Use of a pneumatic tourniquet on an extremity creates a bloodless field that greatly facilitates surgery. However, tourniquets can produce potential problems of their own, including hemodynamic changes, pain, metabolic alterations, arterial thromboembolism, and pulmonary embolism.
Fat embolism syndrome classically presents within 72 h following long-bone or pelvic fracture, with the triad of dyspnea, confusion, and petechiae.
Deep vein thrombosis and pulmonary embolism can cause morbidity and mortality following orthopedic operations on the pelvis and lower extremities.
Neuraxial anesthesia alone or combined with general anesthesia may reduce thromboembolic complications by several mechanisms, including sympathectomy-induced increases in lower extremity venous blood flow, systemic antiinflammatory effects of local anesthetics, decreased platelet reactivity, attenuated postoperative increase in factor VIII and von Willebrand factor, attenuated postoperative decrease in antithrombin III, and alterations in stress hormone release.

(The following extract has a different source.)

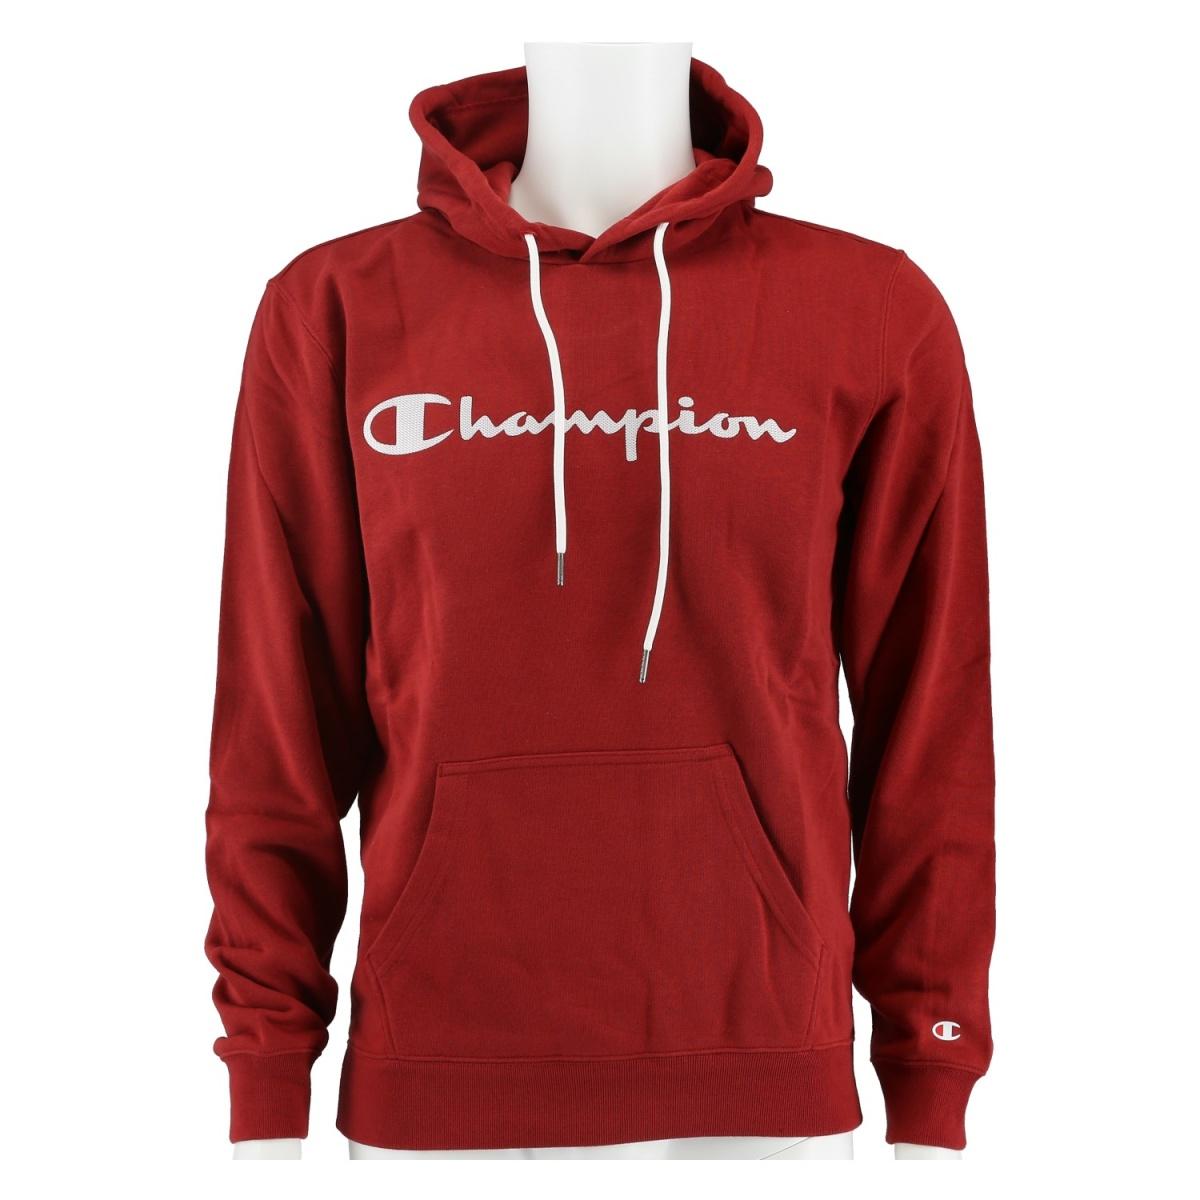 Champion Hoodie Big Logo Print 2020 braun Herren

For patients receiving prophylactic low-molecular-weight heparin once daily, neuraxial techniques may be performed (or neuraxial catheters removed) 10 to 12 h after the previous dose, with a 4-h delay before administering the next dose.
Flexion and extension lateral radiographs of the cervical spine should be obtained preoperatively in patients with rheumatoid arthritis severe enough to require steroids, immune therapy, or methotrexate. If atlantoaxial instability is present, intubation should be performed with inline stabilization utilizing video or fiberoptic laryngoscopy.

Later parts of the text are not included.